Exercise objective
Using the listing below, print the line containing "Copa Perú Huánuco: León", the line containing "von 63 Jahren.", and each line between them, exactly and nothing else. Pictures stay out of the print.

━━━ Material shown ━━━

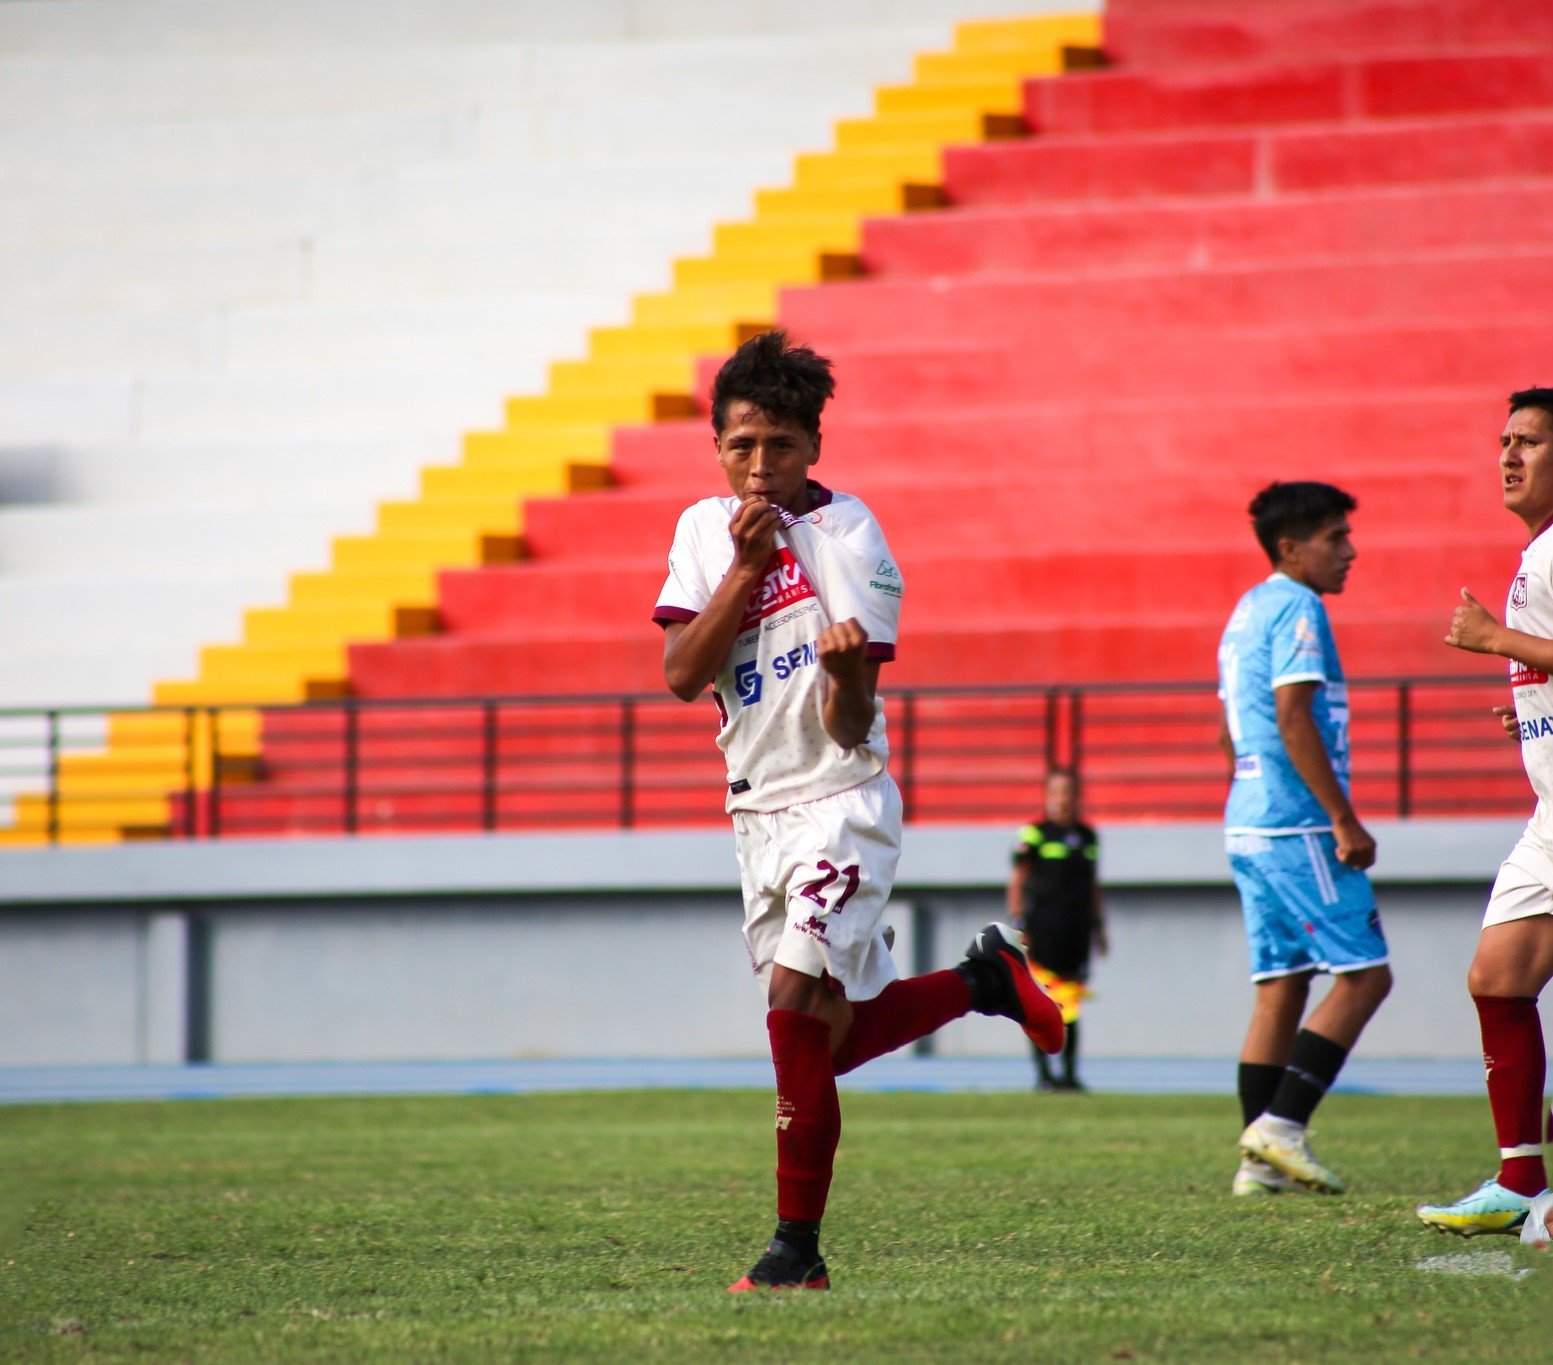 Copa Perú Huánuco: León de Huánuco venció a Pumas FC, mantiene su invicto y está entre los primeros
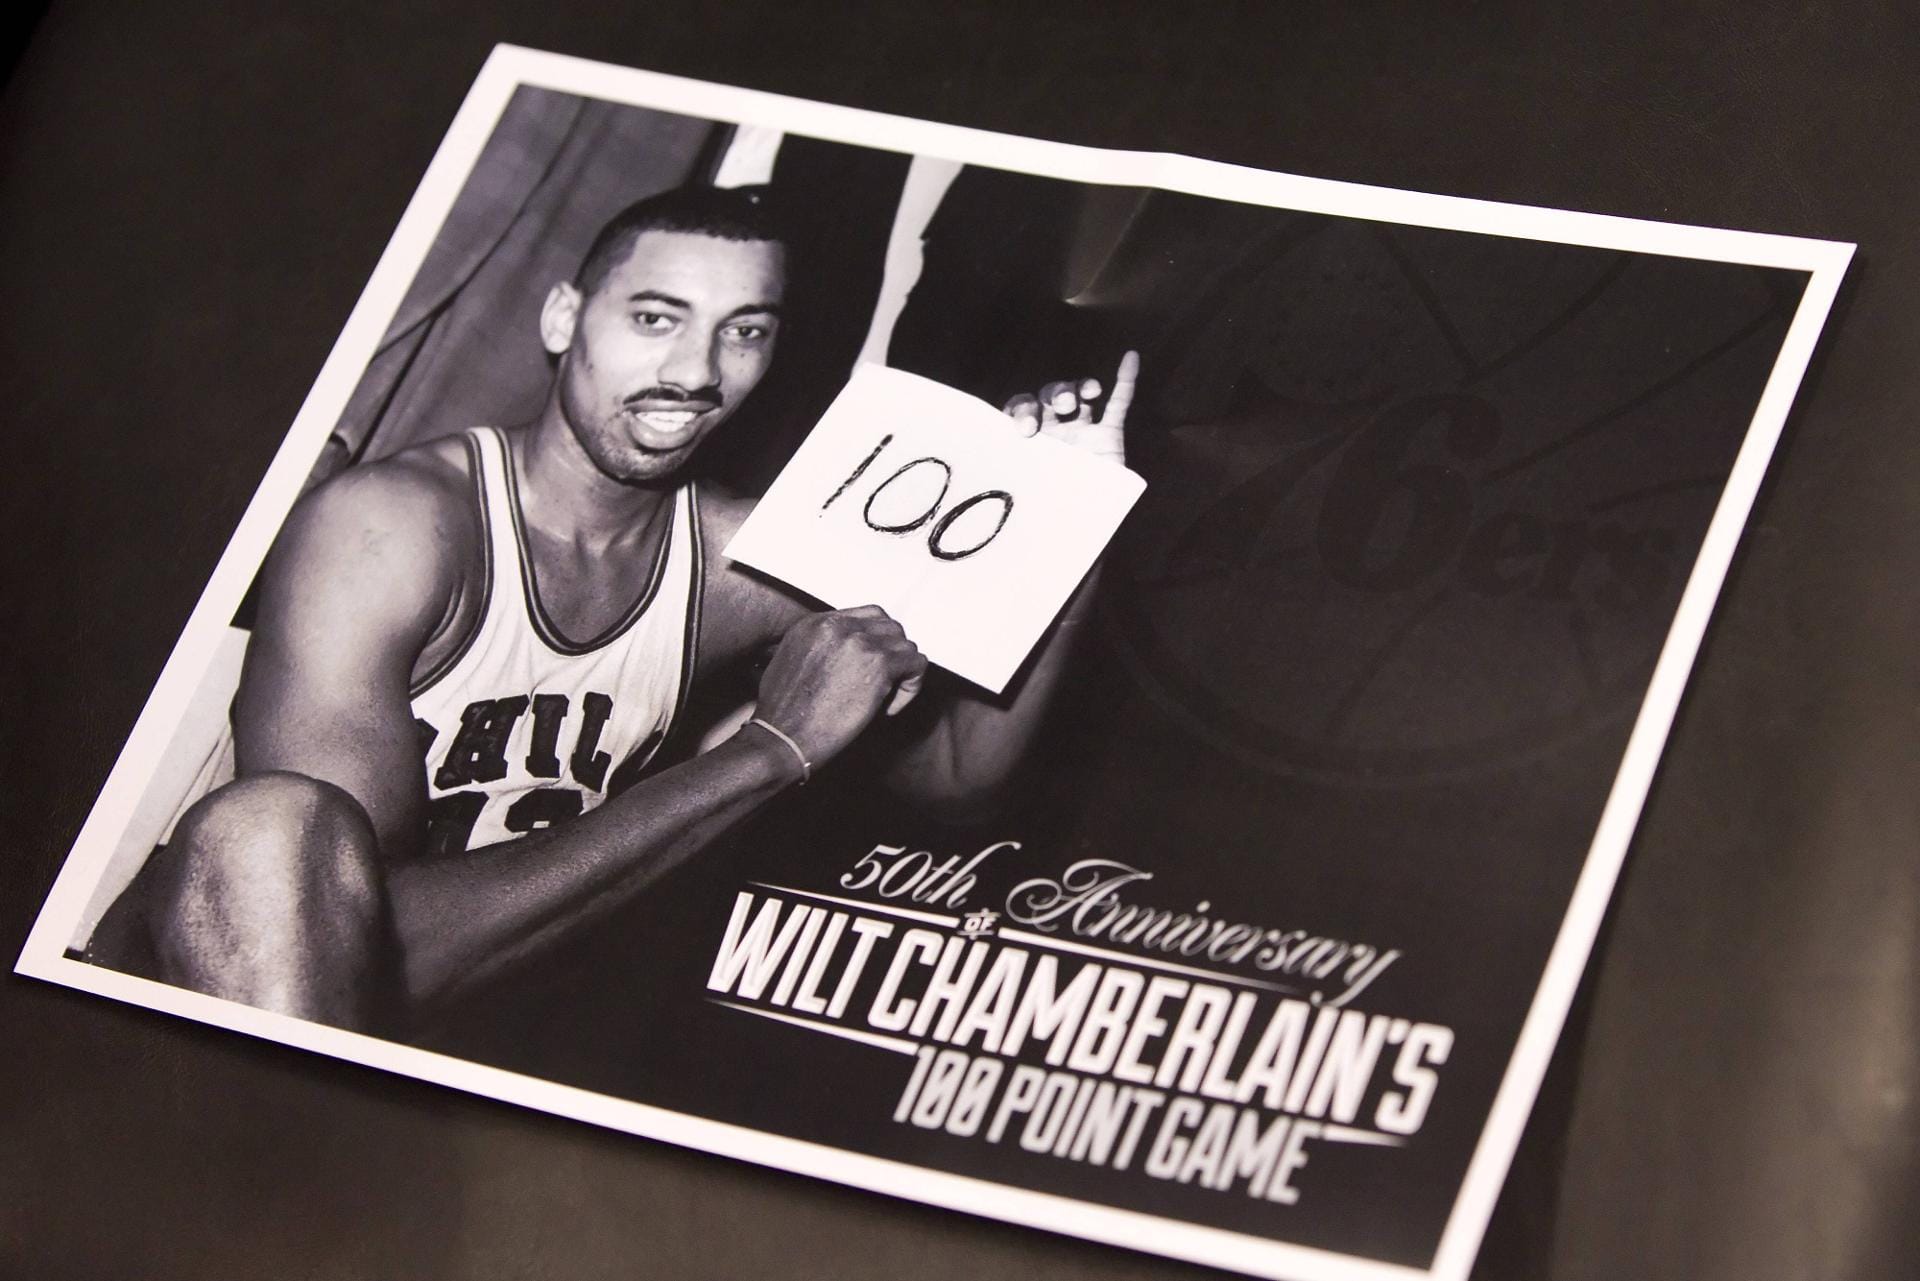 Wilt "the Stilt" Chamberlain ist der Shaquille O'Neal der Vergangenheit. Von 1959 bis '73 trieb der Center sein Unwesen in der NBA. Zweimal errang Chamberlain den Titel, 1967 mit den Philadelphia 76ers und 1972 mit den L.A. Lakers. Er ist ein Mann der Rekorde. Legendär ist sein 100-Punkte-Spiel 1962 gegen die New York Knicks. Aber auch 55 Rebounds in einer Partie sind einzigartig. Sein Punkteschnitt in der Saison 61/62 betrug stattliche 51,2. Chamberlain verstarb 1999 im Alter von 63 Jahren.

━━━
━━━ Material shown ━━━

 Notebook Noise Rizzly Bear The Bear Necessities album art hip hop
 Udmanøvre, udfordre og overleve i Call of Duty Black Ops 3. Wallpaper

━━━

The answer
 Copa Perú Huánuco: León de Huánuco venció a Pumas FC, mantiene su invicto y está entre los primeros
 Wilt "the Stilt" Chamberlain ist der Shaquille O'Neal der Vergangenheit. Von 1959 bis '73 trieb der Center sein Unwesen in der NBA. Zweimal errang Chamberlain den Titel, 1967 mit den Philadelphia 76ers und 1972 mit den L.A. Lakers. Er ist ein Mann der Rekorde. Legendär ist sein 100-Punkte-Spiel 1962 gegen die New York Knicks. Aber auch 55 Rebounds in einer Partie sind einzigartig. Sein Punkteschnitt in der Saison 61/62 betrug stattliche 51,2. Chamberlain verstarb 1999 im Alter von 63 Jahren.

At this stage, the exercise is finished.